The only thing worse than the smog in LA is the traffic, many believe. The rest believe that the only thing worse than the traffic in LA is the smog. New legislation is being mulled that would allow for an extra $90 DMV fee or an 3 percent fee on gas to combat both. But the real strategy is ultimately to fight global warming.
“The money would fund improvements to mass transit and programs to relieve traffic congestion,” according to the LA Times. Good things, you might say. Of course, as with any initiative in California, this one is controversial. “This seems to be a cashing in on public sympathies on global warming to generate additional funding for programs that already exist,” said Jon Coupal, president of the Howard Jarvis Taxpayers Association (that’s Jarvis of 1978 tax-slashing Prop. 13 fame).
It’s being handled in tricky manner. By calling the measure a “climate change mitigation and adaptation fee,” it needs just a simple majority rather than the two-thirds needed in California to pass a new “tax.”
In an editorial last week, The Orange County Register complains about the tactic by the bill’s author, Democratic Assemblyman Mike Feuer of Los Angeles:
We concur about the traffic mess, but with little else Mr. Feuer claims in seeking to overtax motorists. The assemblyman’s sleight of hand conflates two issues, the real problem of congested traffic and the contrived emergency of so-called global warming.
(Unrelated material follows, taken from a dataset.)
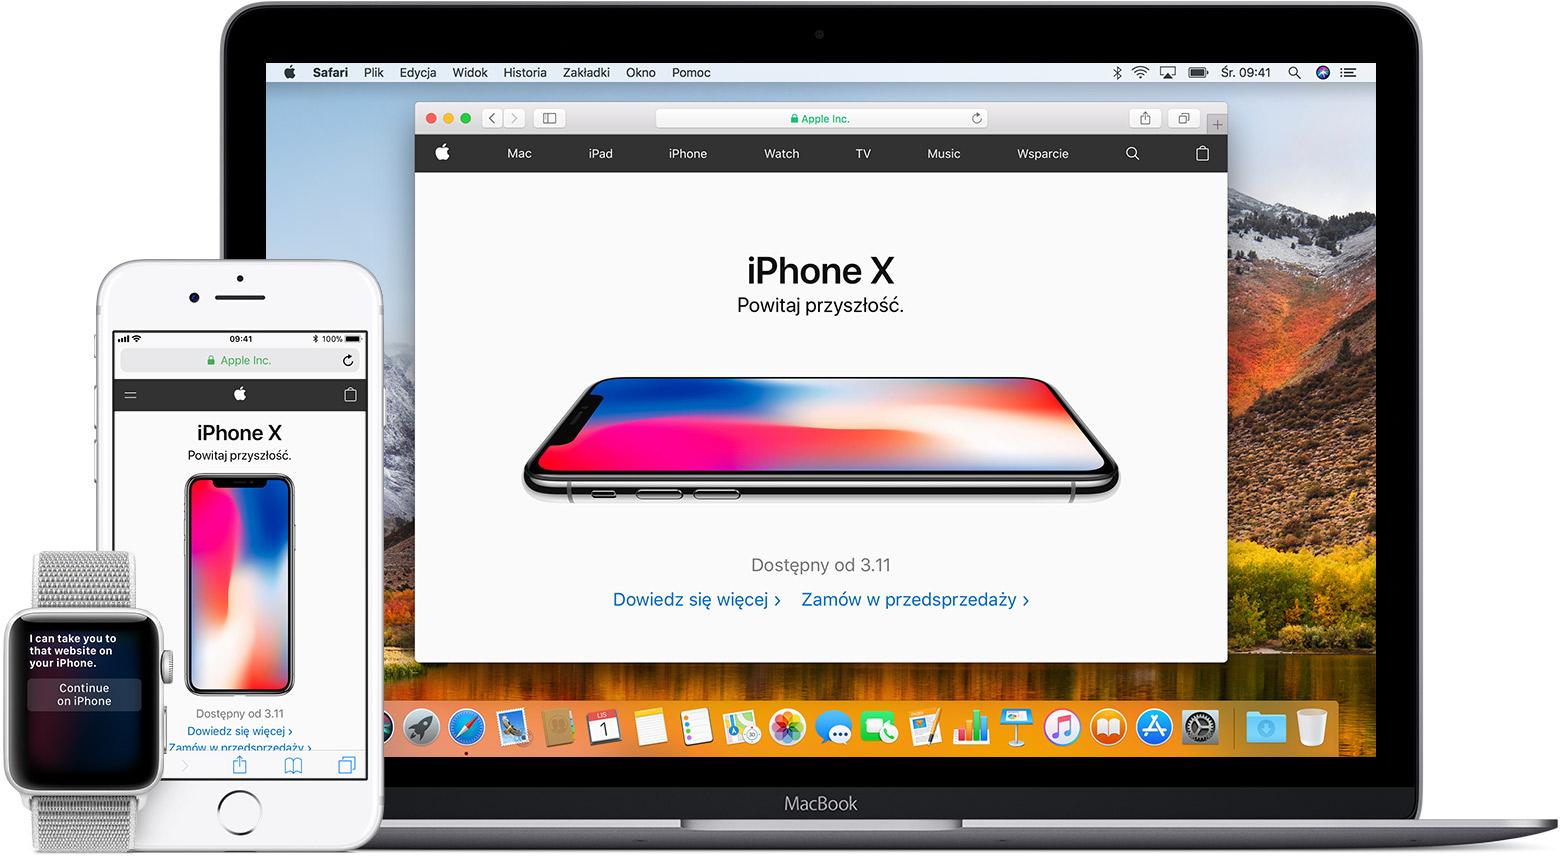 Łączenie komputera Mac, telefonu iPhone, iPada, iPoda ...

You’re going to see more of this approach; call it a battle within a war. Global warming is such a hot-button issue (see the OCR’s take on it, above) and has proven so difficult to legislate against (or even talk about without nasty, polarized debates) that those who want a war against climate change will more and more simply aim their legislative ammunition at smog, traffic congestion and foreign oil dependency, long dubbed foes worth fighting. I mean, who can say “smog isn’t real or “I think we should just hope OPEC pumps more oil” (oil and gas both set new price highs today)? Unlike a typical evil enemy, climate change will be battled without even mentioning it.
Meanwhile, a poll published by the San Francisco Chronicle finds Californians support higher fees for gas-guzzling vehicles, regardless of whether they’re called taxes or fees. Jarvis must be rolling over in his grave after all he did.
Given California’s long history of leading the way on automotive pollution regulation — the state enacted the nation’s first automobile air pollution laws in 1966, as the New York Times pointed out in an editorial yesterday about the extent to which California is progressive on climate change — don’t be surprised if similar measures pop up soon in other states.